提及这个,老人的面色顿时沉下来,怒气冲冲地敲了几下拐杖:“四个不知死活的小年轻!头发染得五颜六色的,看起来就不正经,还对着手机嘻嘻哈哈的,说是在开什么直播,要夜探七号鬼楼一层。”
“昨夜咱们居委会正好安排我值班,我熬到深更半夜,三番五次赶他们走,结果一转眼他们就擅自剪断封条,像泥鳅一样钻进去了!这哪里拦得住?”

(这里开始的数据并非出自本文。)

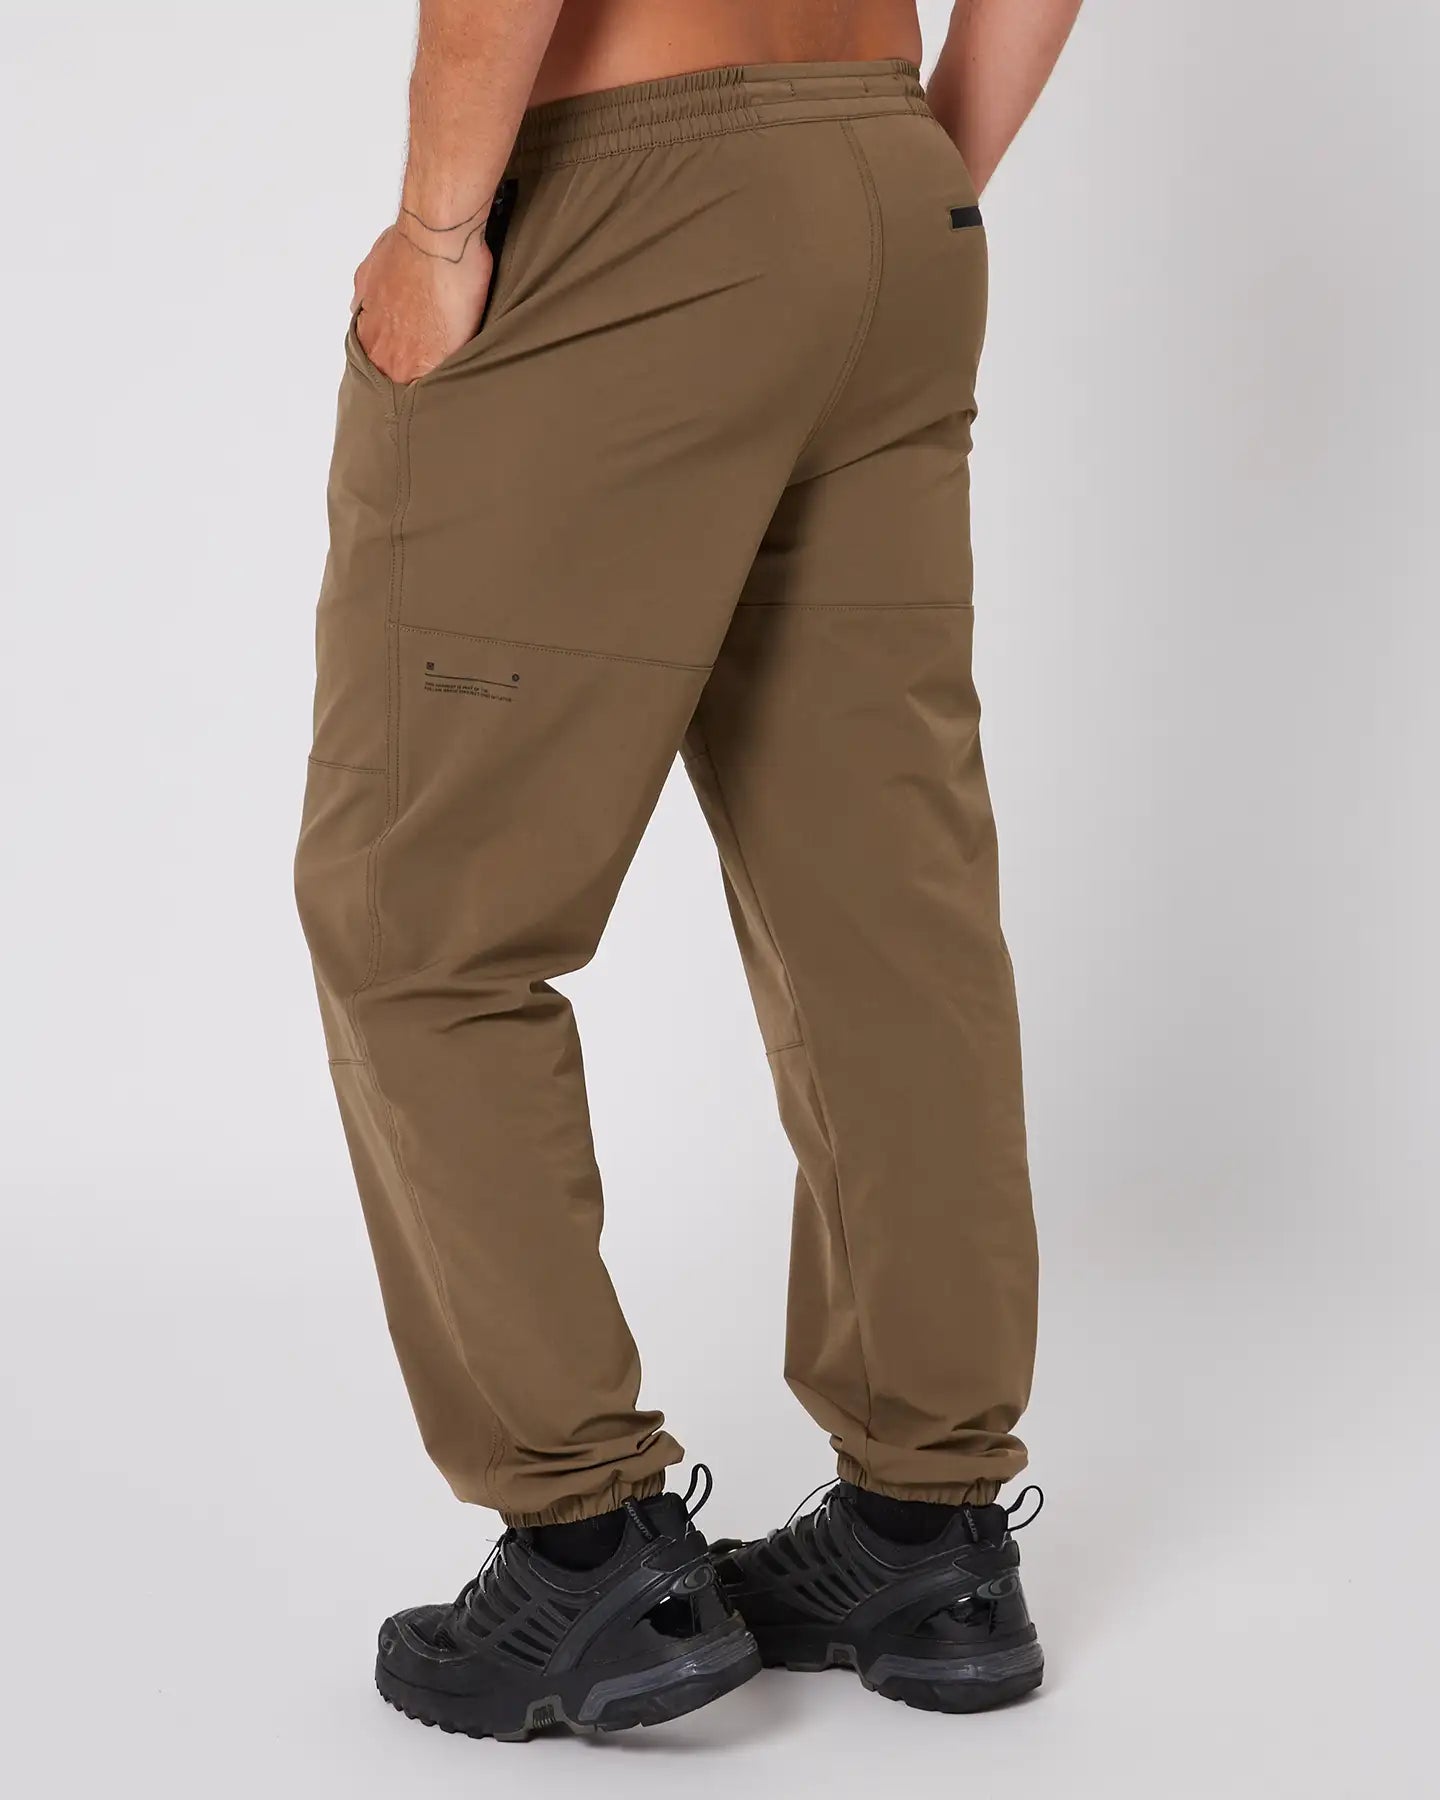 Follow All Day Pants - Deep Taupe 4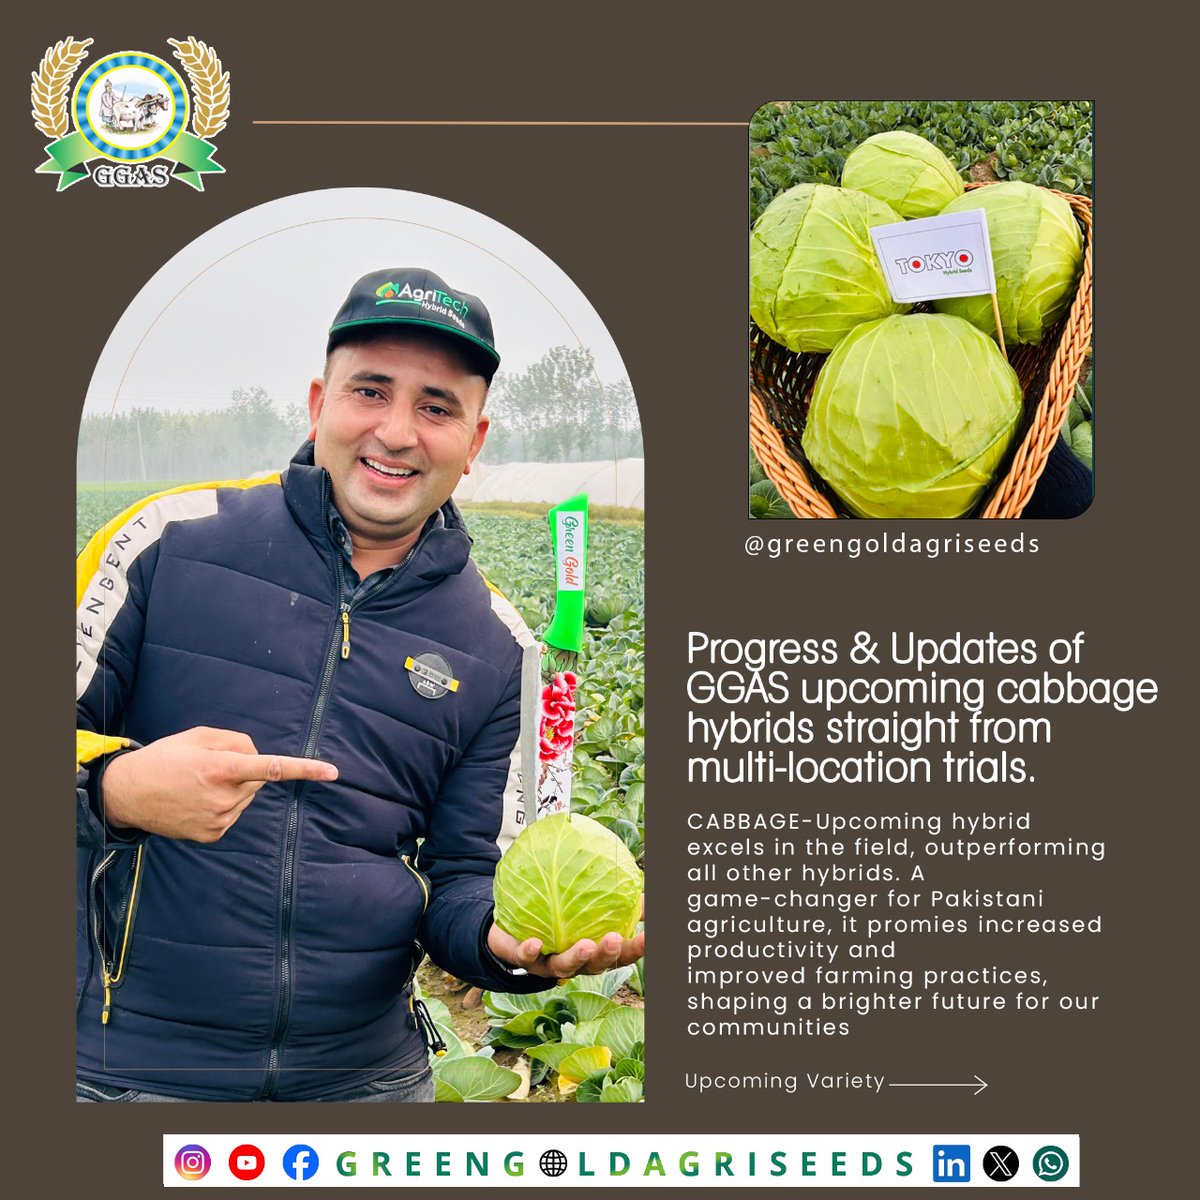 CABBAGE-242649 has demonstrated remarkable performance in field #CabbageInnovation #AgTechAdvancement #FarmSuccess #FutureOfFarming #AgriculturalBreakthrough #CropExcellence #HarvestingSuccess #GreenRevolution #AgInnovation #PakistanAgriTech #CABBAGE242649Success

楚符顺着老人指的方向看去,果然在凌乱的封条之中,已经有几条贴近地面的被剪断了,前面草草补了一些新的。
“这也太过分了。”楚符真心实意地赞同。
不像他,向来尊老爱幼。
得到旁人的附和,老人越说越来气,皱纹堆积的双眼望向封条之后漆黑无光的区域,眼底浮现出一丝不易察觉的担忧:“直到现在,都过去一天一夜了,一个人都没出来!”
“作孽啊,作孽啊,”老人盘着一串刻着经文的檀木珠串,止不住地叹气,“也不知道他们还出不出得来……”
目送老人步履迟缓地远去,楚符快步走进六号楼,上楼、走连廊,抵达七号楼的电梯内。
在一楼出事之后,电梯里的“1”按钮就被扣掉了,按常理来说人们根本无法坐电梯来到一层。
但是,机器也会有出错的时候。
哪怕负责人员已经尽量将一楼从电梯指令中抹去,楚符也能够调整电梯在运行中犯错的概率,将亿万分之一的概率界定为现实,让电梯“错误”地停在不被保留的楼层。
楚符走进空无一人的电梯,他没有按任何按钮,只是左手拇指漫不经心地抛掷着一枚硬币。